As for the occassional screw - They don't get ground that far into the floor if it is oak. If you are laying pine - then cover it with masonite. Pine and masonite are always budgeted together.

If the flooring boards have beveled edges - well that's something to consider. Masonite is in order then too - regardless of when it is installed. Those grooves are a b__ch!

I like laying it before wall sheathing also because the expansion gap is under the baseboard AND the sheathing. It also makes installing the last strip of flooring and the shoe moulding installation easier.

Never had an issue with gypsum dust. Anyone having sanded more than 1 floor in their life knows that after sanding you need to sweep and vacuum. If there is still dust then, the flooring guy is doing something wrong.

One last thing - No matter when you inslall, the globs of compound will need to be scraped off and floor then swept well, prior to laying or sanding floor. Red rosin paper is great to eliminate the scraping exercise.


There he goes—one of God's own prototypes—a high powered mutant of some kind never even considered for mass production.
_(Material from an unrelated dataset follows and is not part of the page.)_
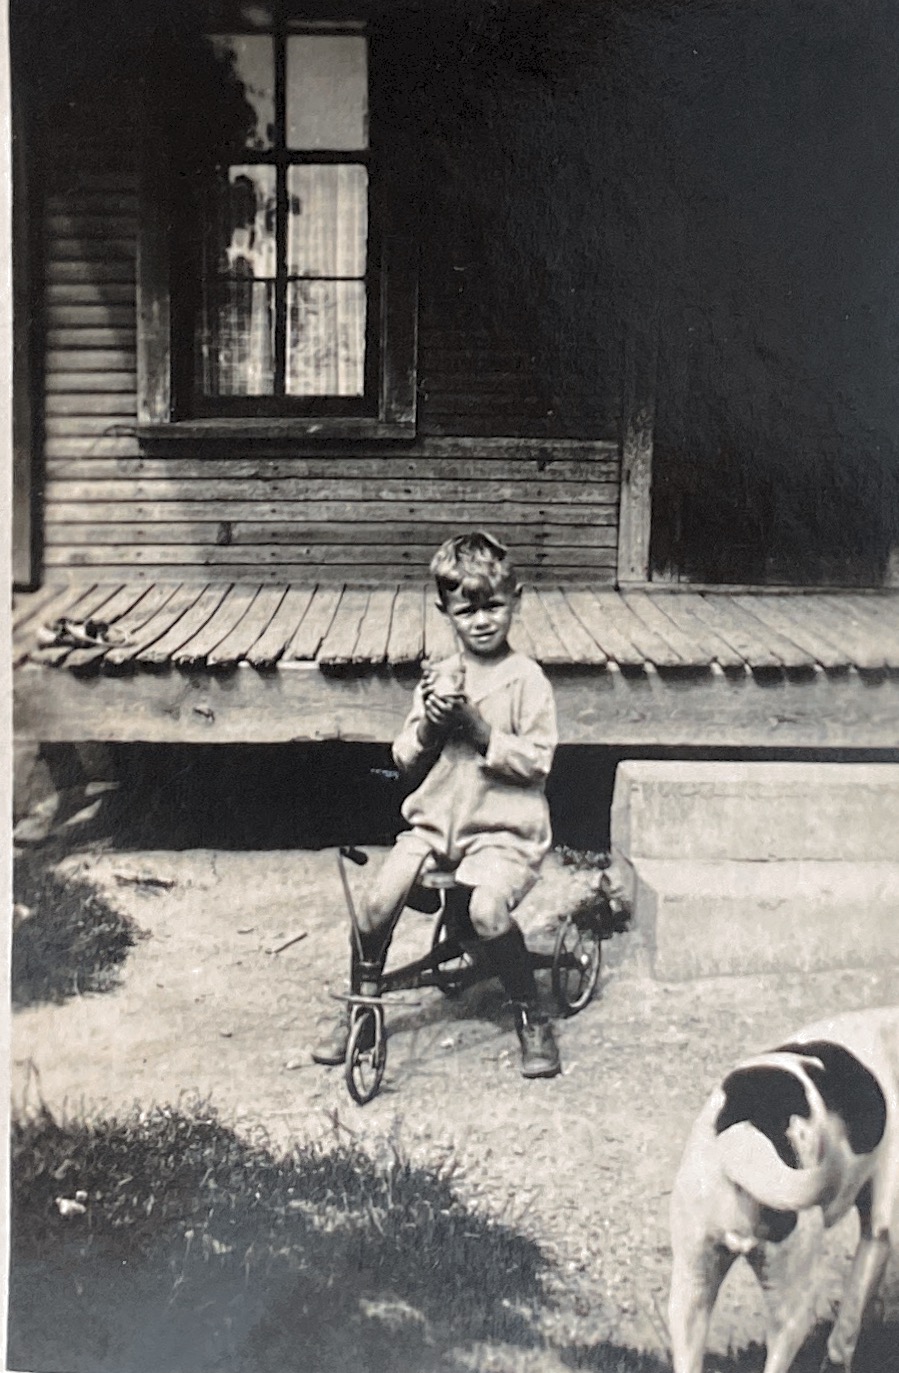 James and his dog. Taken in Indiana August 1925
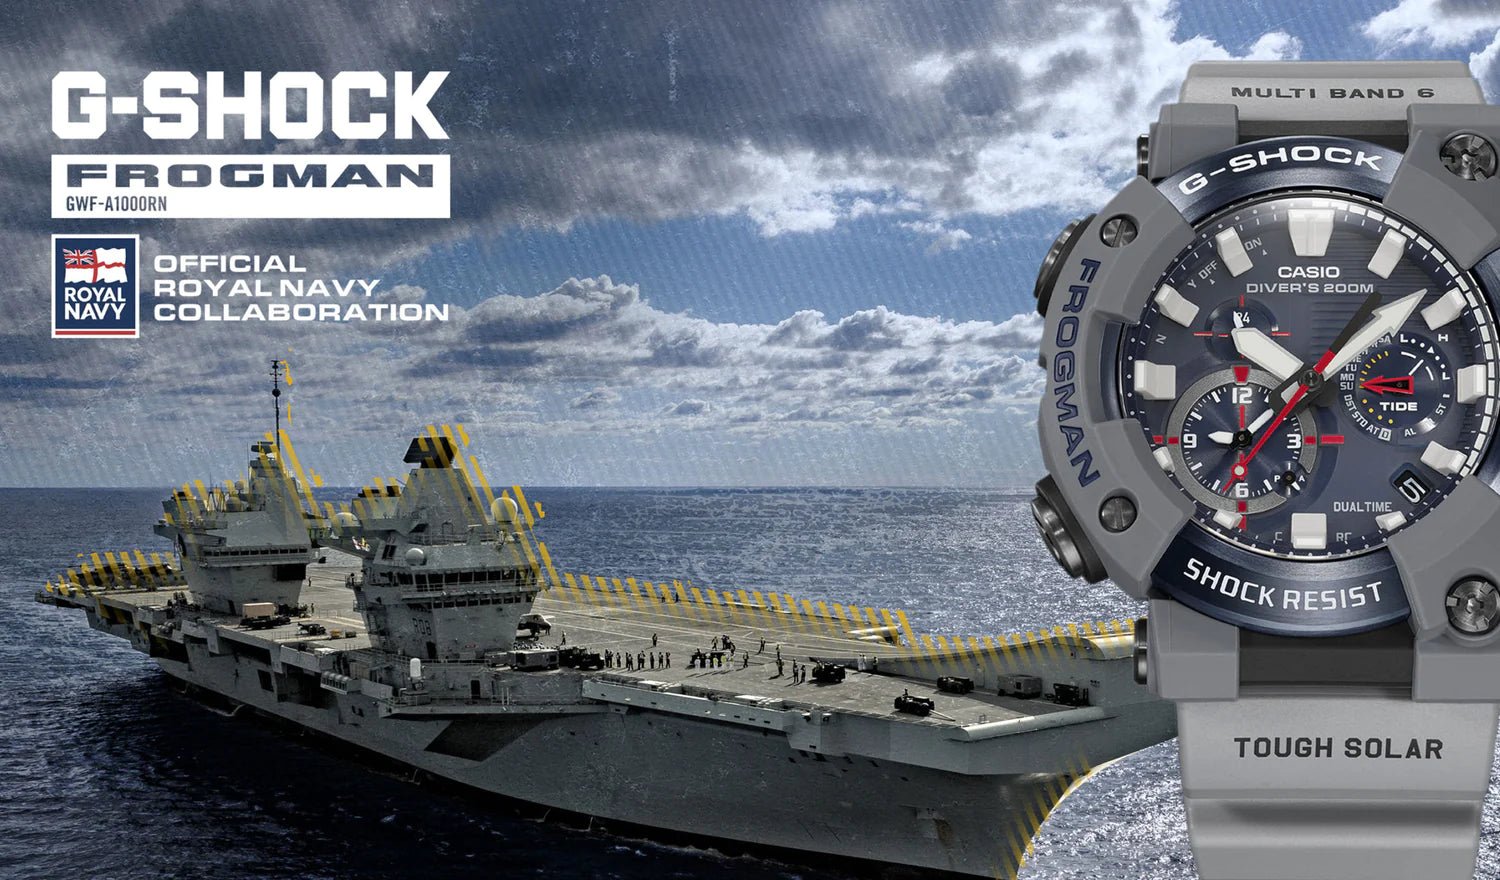 The G-Shock Royal Navy Frogman is the ultimate divers watch! - CASIO Australia

Too weird to live and too rare to die.

—Hunter S. Thompson
from Fear And Loathing In Las Vegas

Flay your Suffolk bought-this-morning sole with organic hand-cracked pepper and blasted salt. Thrill each side for four minutes at torchmark haut. Interrogate a lemon. Embarrass any tough roots from the samphire. Then bamboozle till it's al dente with that certain je ne sais quoi.

Arabella Weir as Minty Marchmont - Posh Nosh

(post #100083, reply #12 of 15)

I've seen it done alot too, though I still don't like it and would not choose to do it personally. I've even had flooring guys tell me that the gypsum dust makes for a better finish somehow .. don't know what they are smoking.

(post #100083, reply #14 of 15)

Do the drywall first. Been standing on the 2nd floor when the guys on the 1st floor were banging in the floor  on the 1st floorand the 2nd dloor shook causing screw pops.  The floor is sanded anyways so any drywall debris or dust accumulated before the floor is varnished is removed anyway.

(post #100083, reply #15 of 15)

Thanks for all the responses....

I am building my own house currently and will have hardwood floors as well. I tend to agree with the majority that it's best to install the floors after the drywall.